Milan Kučera

Personal information
- Nationality: Slovak
- Born: 1963 (age 62–63)
- Years active: 1982–1993

Sport
- Country: Slovakia
- Sport: Canoe slalom
- Event: C2

Medal record
Men's canoe slalom
World Championships
Representing Czechoslovakia
| Gold medal – first place | 1983 Meran | C2 team |
| Gold medal – first place | 1985 Augsburg | C2 team |
| Silver medal – second place | 1987 Bourg St.-Maurice | C2 team |
| Silver medal – second place | 1989 Savage River | C2 team |
| Silver medal – second place | 1991 Tacen | C2 team |
| Bronze medal – third place | 1987 Bourg St.-Maurice | C2 |
Representing Slovakia
| Bronze medal – third place | 1993 Mezzana | C2 team |

= Milan Kučera (canoeist) =

Slovak slalom canoeist (born 1963)

Milan Kučera (born 1963) is a Slovak slalom canoeist who competed at the international level from 1982 to 1993, specializing in the C2 discipline.

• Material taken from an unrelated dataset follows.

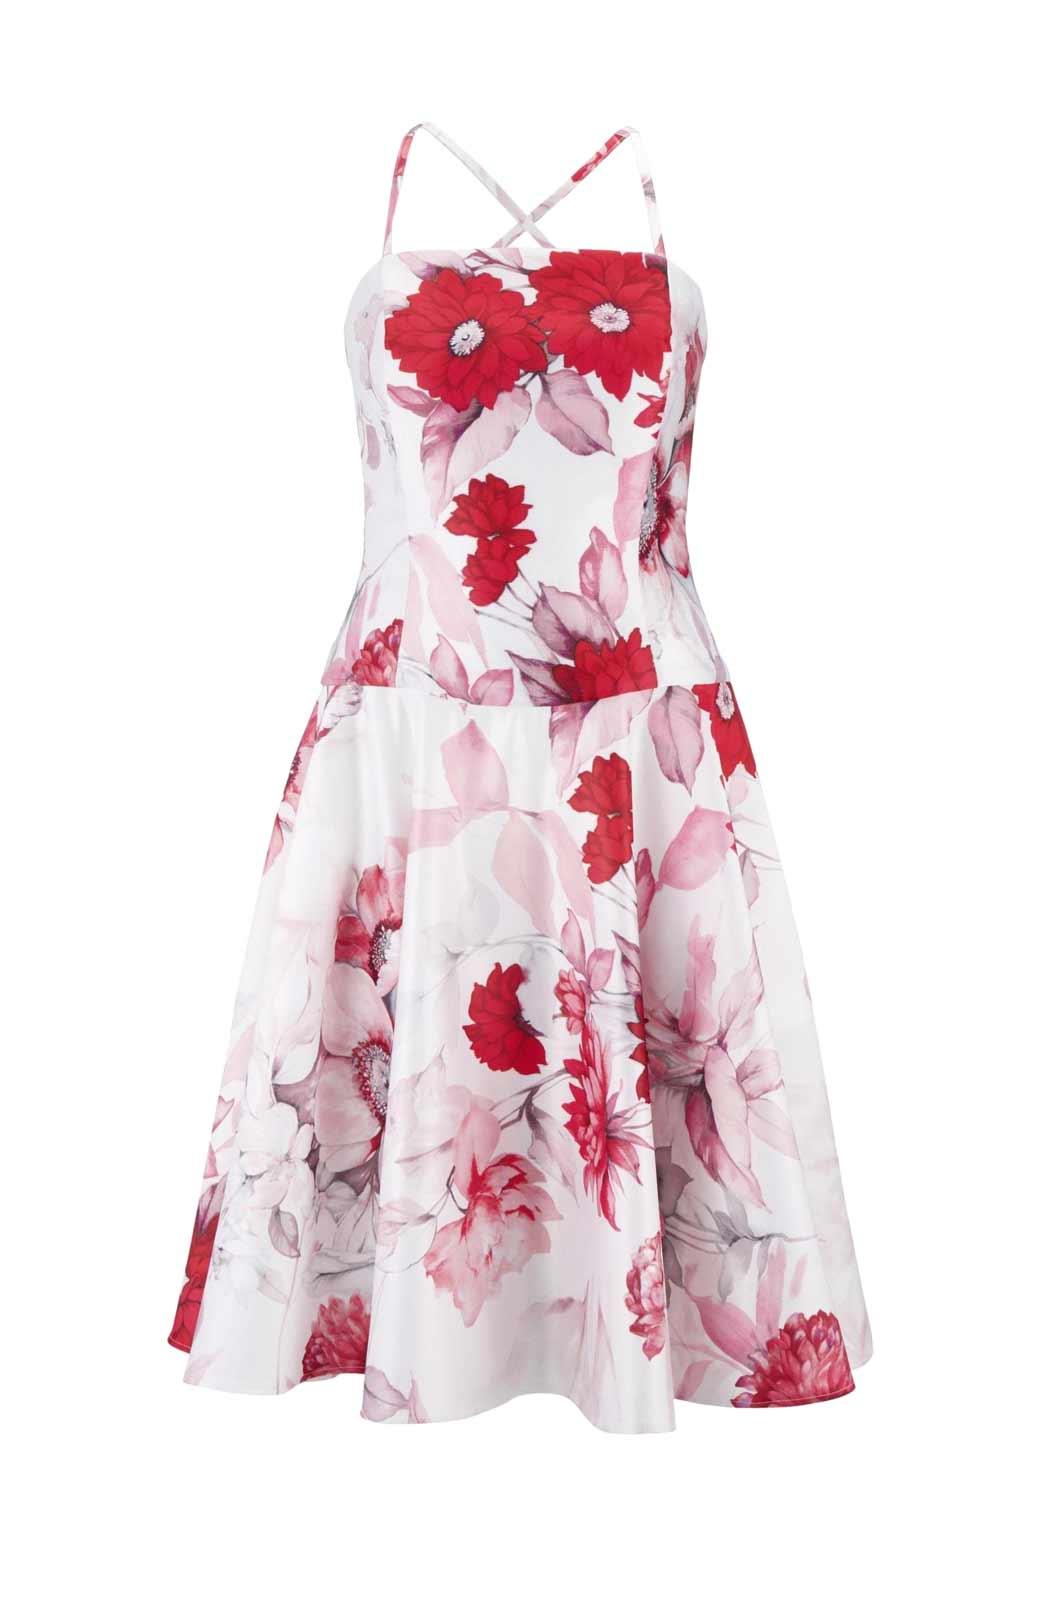 986.320 Damenkleid mit Corsage Corsagenkleid ärmellos kurz Blumenmuster

He won seven medals at the ICF Canoe Slalom World Championships with two golds (C2 team: 1983, 1985 both for Czechoslovakia), three silvers (C2 team: 1987, 1989, 1991 all for Czechoslovakia) and two bronzes (C2: 1987 for Czechoslovakia; C2 team: 1993 for Slovakia).

His partner in the C2 boat from 1982 to 1989 was Miroslav Hajdučík. From 1991 to 1993 he paddled with Viktor Beneš.

== Career statistics ==

=== Major championships results timeline ===
Representing Czechoslovakia from 1983 to 1992 and Slovakia in 1993.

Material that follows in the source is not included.